Factory sales showed a similar pattern, rising 0.6% month on month in August after falling 0.6% in July. In the three months to August, sales increased 3%, led by food and beverages, petroleum and chemicals, and motor vehicles.

The latest figures reinforce concerns the manufacturing sector is struggling to regain traction. The Absa purchasing managers’ index (PMI) slipped back into contraction in August, falling to 49.5 after briefly crossing above the 50-point neutral mark in July.

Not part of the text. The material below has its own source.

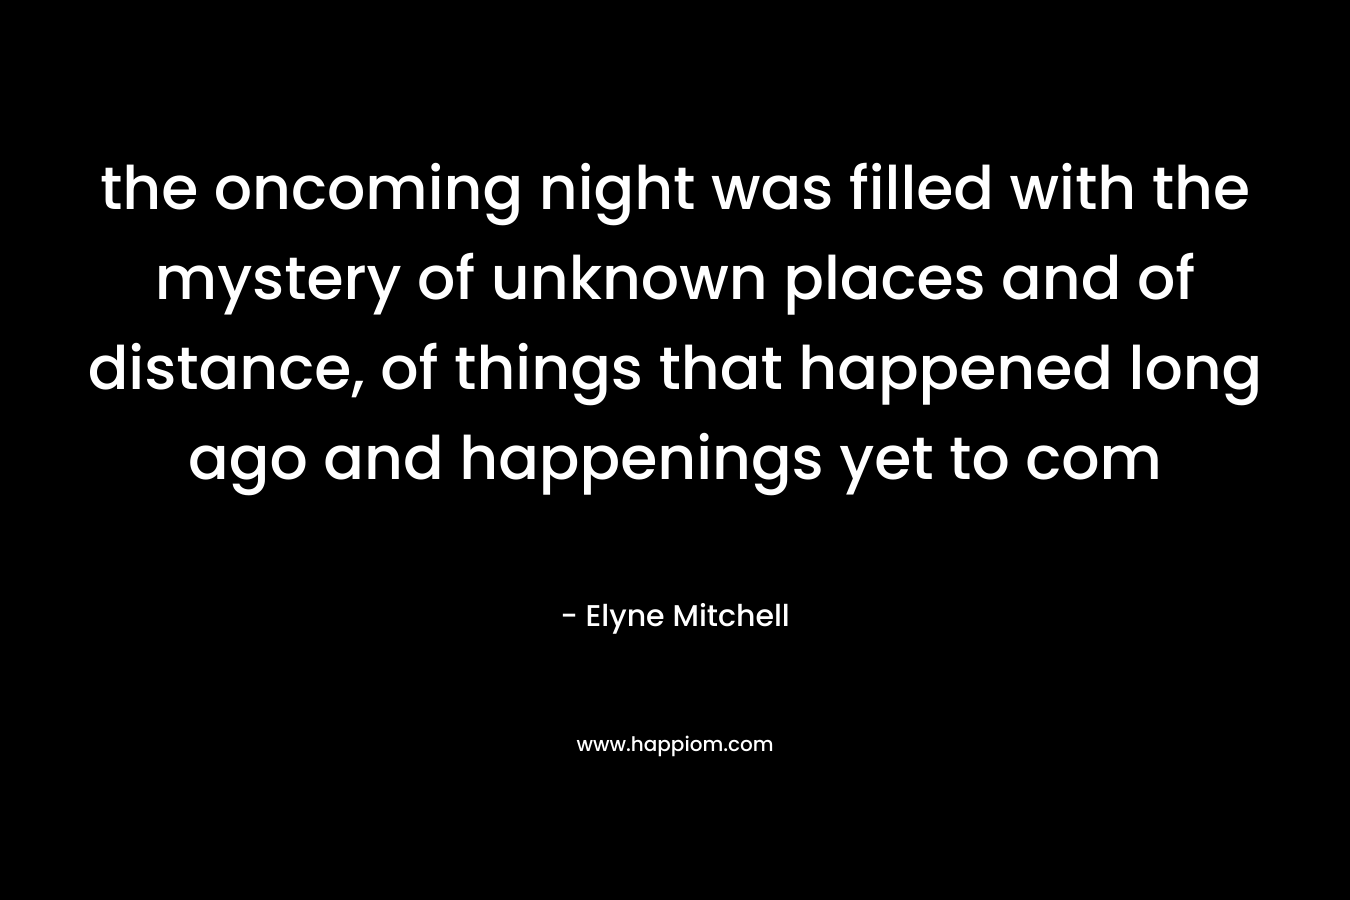 the oncoming night was filled with the mystery of unknown places and of distance, of things that happened long ago and happenings yet to com – Elyne Mitchell

The RMB/BER business confidence index (BCI) declined to 39, remaining below its long-term average of 42, indicating that more than 60% of businesses are dissatisfied with conditions.

“Advance indications provided by September’s PMI release show that while activity picked up at the end of the third quarter, expectations about future business conditions (in six months’ time) fell markedly, which does not bode well for activity going forward, with the full effect of the US tariffs not yet felt,” Investec economist Lara Hodes said.

“This is in line with the BER’s [third-quarter] manufacturing survey results, which show that confidence among respondents slipped in the third quarter.”

According to the BER, the index measuring sentiment “edged significantly below the long-term average”. 

Update October 9 2025 This story has been updated with comment.